Geerts_2023_PBPK_QSP_SBML_Model

Usage Instructions

This document provides comprehensive instructions for installing, running, and visualizing results from the Geerts model.

Table of Contents

• Installation
• Running Simulations
• Alternative Implementations
• Visualization Options
• Dependencies and Configuration

Installation

Prerequisites

• Python 3.12
• Virtual environment (recommended)

Setup Steps

1. Create and activate a virtual environment:

   # Create virtual environment
   python -m venv venv
      
   # Activate virtual environment
   # On macOS/Linux:
   source venv/bin/activate
   # On Windows:
   .\venv\Scripts\activate
   

2. Install dependencies:

   pip install -r requirements.txt
   

3. Configure JAX (Important): Before running any scripts, set this environment variable to avoid JAX runtime issues:

   import os
   os.environ['XLA_FLAGS'] = '--xla_cpu_use_thunk_runtime=false'
   

   This is due to a known diffrax/JAX issue with jax==0.5.3. See XLA_FLAGS issue for details.

Running Simulations

Main SBML-Based Simulations

1. Multi-Dose Simulation (Full Model)

python run_combined_master_model_multi_dose.py --drug {gantenerumab,lecanemab}

• Runtime: TBT
• Purpose: Complete treatment simulation with full dosing regimen (3 years)
• Output: Comprehensive drug and Aβ dynamics over treatment period

2. No-Dose Simulation (Natural History)

python run_no_dose_combined_master_model.py --drug {gantenerumab,lecanemab} --years 20

• Runtime: TBT
• Purpose: Natural amyloid aggregation without treatment. This can be used to set the initial condition (70 years) for drug studies
• Arguments:
  • --drug: Required for volume parameter selection
  • --years: Simulation duration (default: 100)

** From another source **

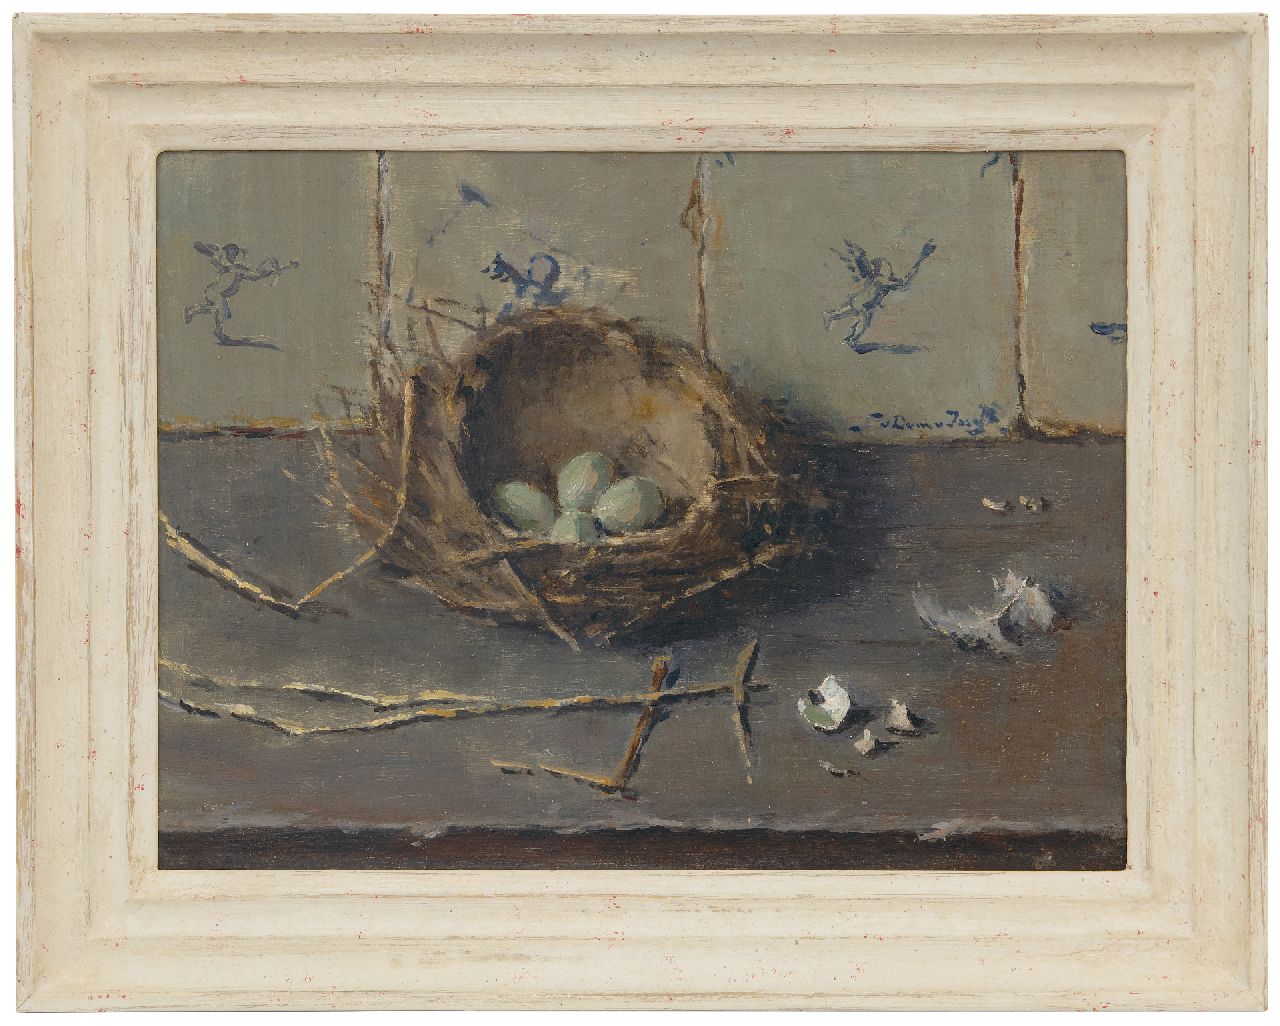 Dam van Isselt L. van | Lucie van Dam van Isselt, Eggs in a bird's nest against a background of old Dutch tiles, oil on panel 30.1 x 40.2 cm, signed c.r.

3. Single-Dose Simulation (Validation)

python run_combined_master_model.py --drug {gantenerumab,lecanemab}

• Runtime: TBT
• Purpose: Single dose validation against published data
• Process: Runs steady-state first, then applies single dose

Command Line Arguments

Argument	Options	Description
--drug	gantenerumab, lecanemab	Antibody type (affects parameters and dosing method)
--years	Integer	Simulation duration for no-dose runs
--outdir	Path	Output directory (ODE version only)

Viewing Results

• Generated plots are saved in generated/figures/ directory
• Different simulation types create subdirectories:
  • drug_simulation/: Single/multi-dose results
  • steady_state/: No-dose simulation results
  • comparison/: Model validation comparisons

Alternative Implementations

ODE-Based Implementation (Faster)

For faster simulations and parameter exploration, use the direct ODE implementation:

cd ODE_version
python run_no_dose.py --drug {gantenerumab,lecanemab} --years 20

Key Features:

• Directly implements published equations from Supplementary Tables
• Much faster computation time
• Validated against SBML implementation
• Uses exact parameter names from source material

Generated Outputs:

• AB42/AB40 ratios over time
• Oligomer and monomer loads
• Plaque and fibril dynamics
• SUVR progression (not validated)
• Microglia activation
• Species composition for both AB40 and AB42

Limitations:

• Microglia cell count limitations when antibodies are present
• Uses separate parameter file (Geerts_Params2.csv)
• Not set up for drug dosing

Tellurium Implementation (Parameter Analysis)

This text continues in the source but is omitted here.